> _Task details_: Return exactly the lines from the one containing "burnt cloth texture" through the end of the material below, and leave the images out.

> _Collected material_:
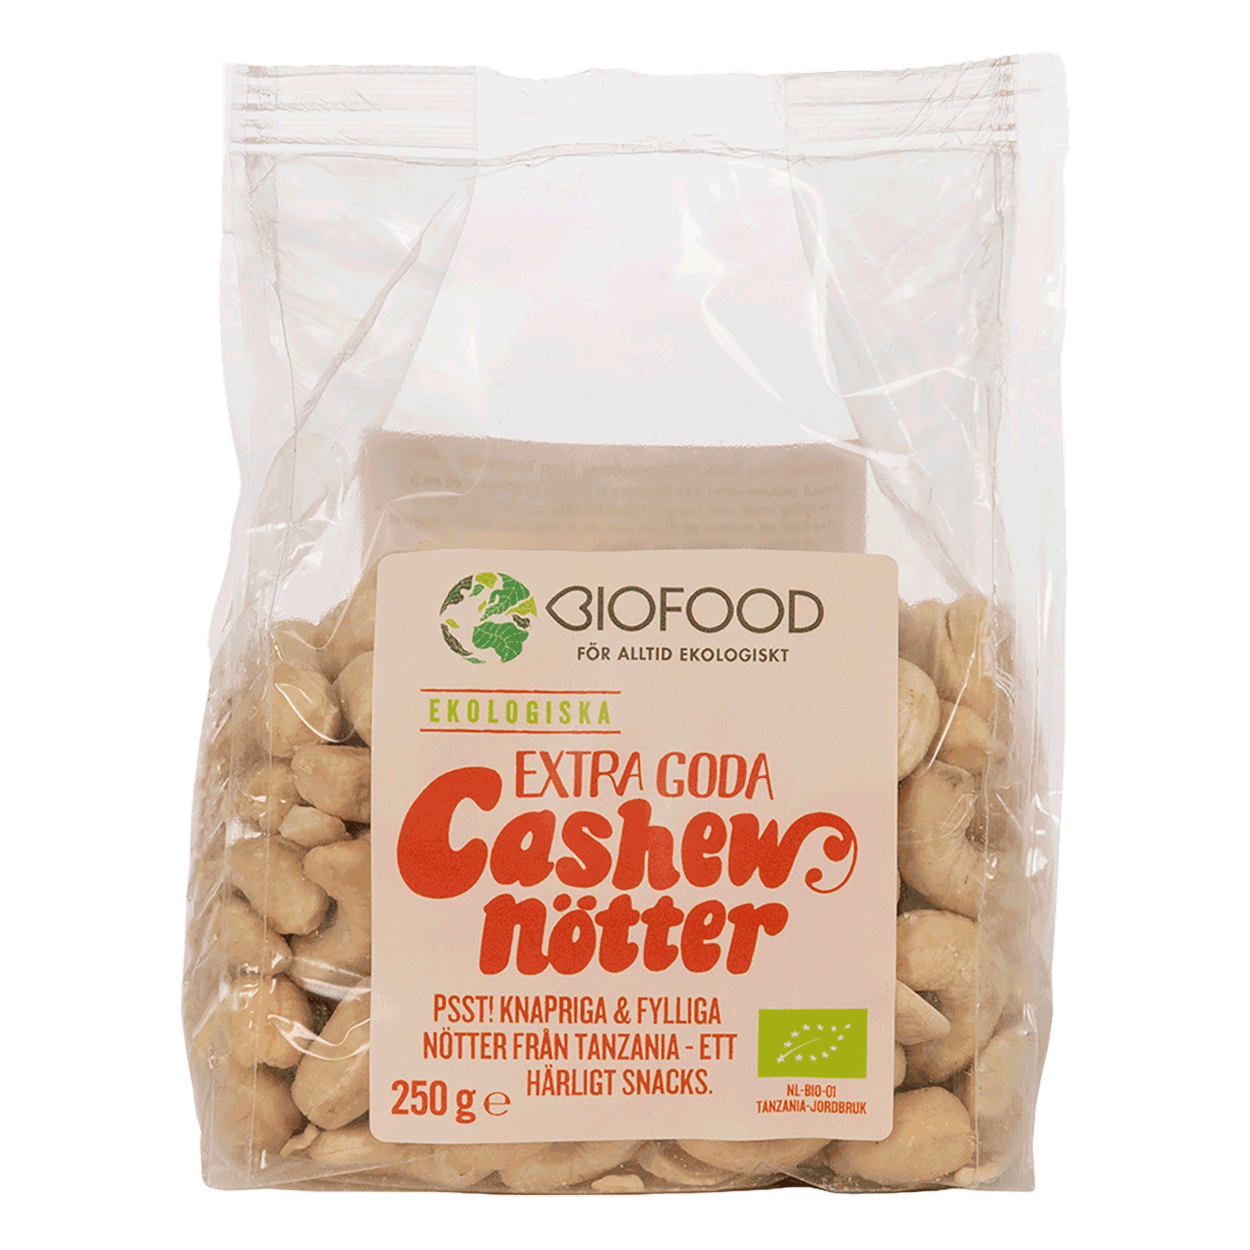 Cashew i förpackning
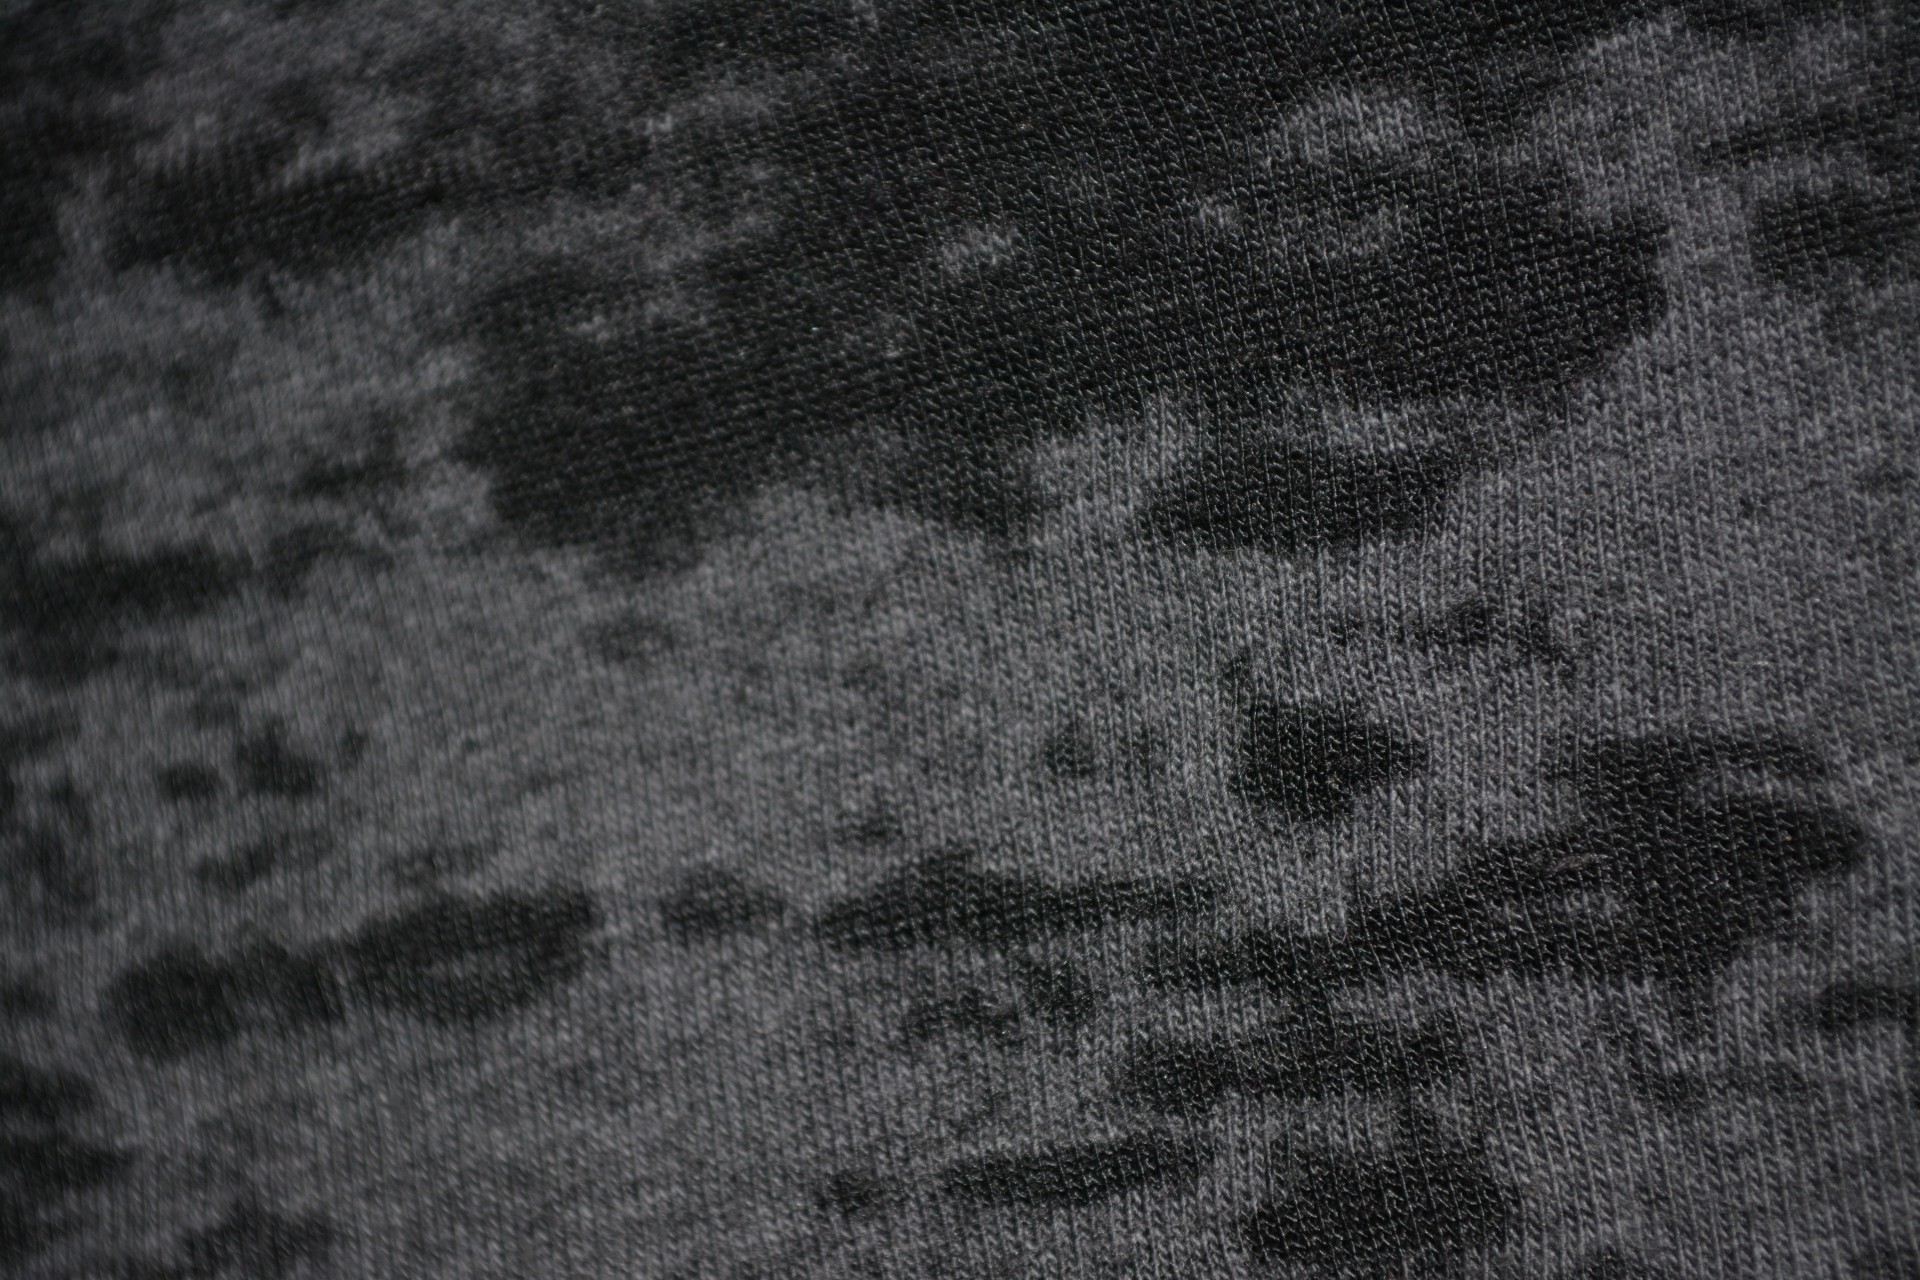 burnt cloth texture
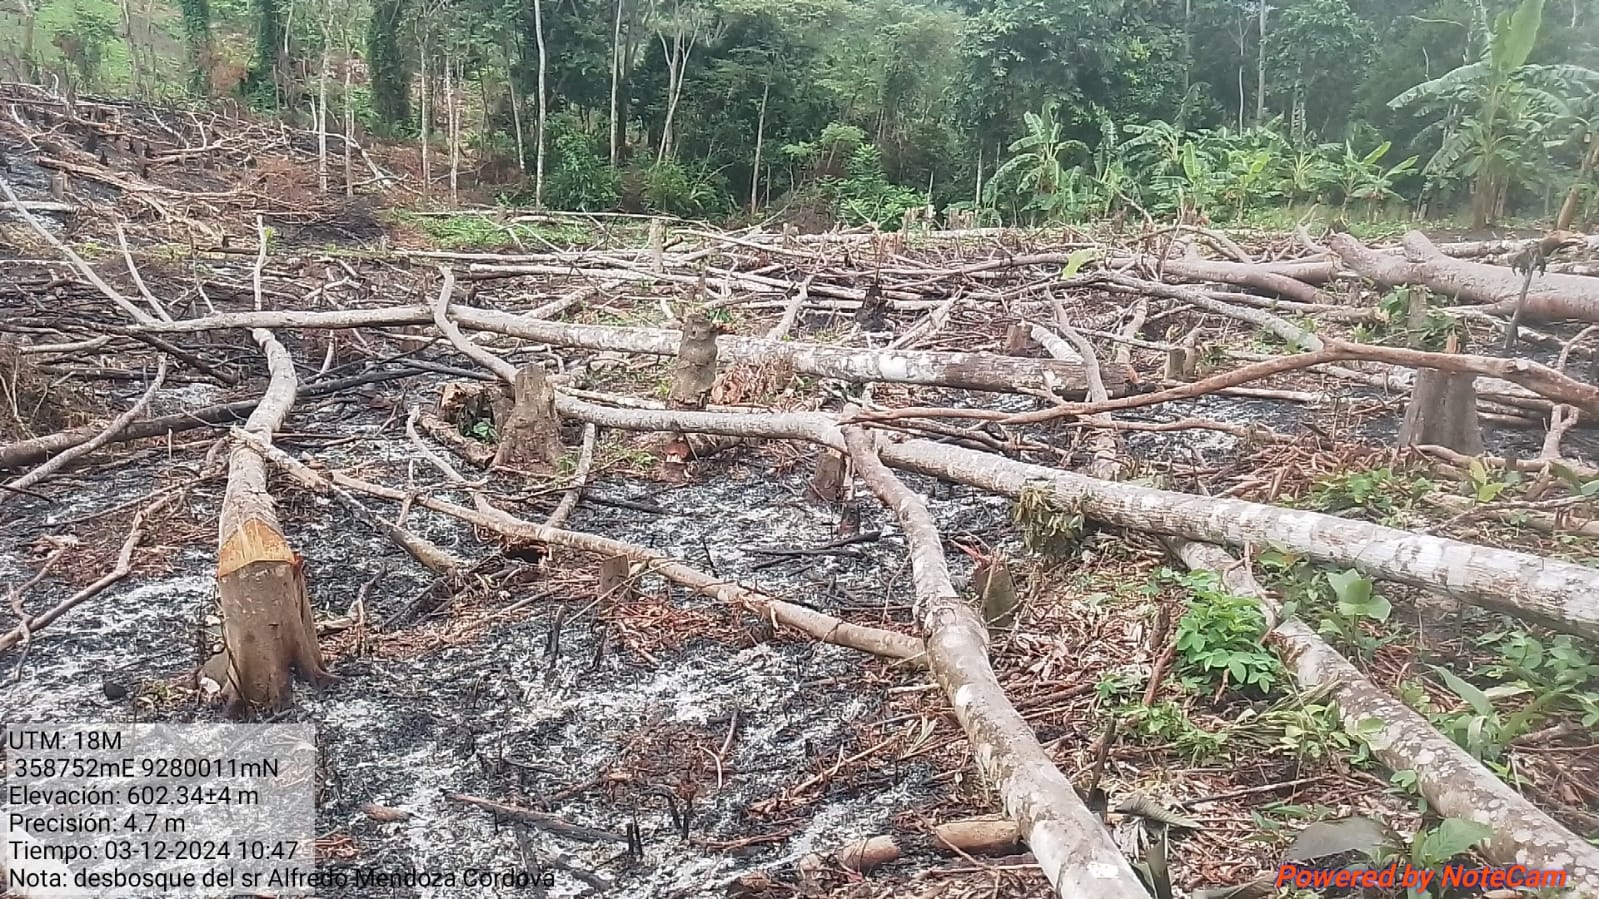 Amparados en la Nueva Ley Forestal Luz verde a la deforestación1

> _Task response_:
 burnt cloth texture
 Amparados en la Nueva Ley Forestal Luz verde a la deforestación1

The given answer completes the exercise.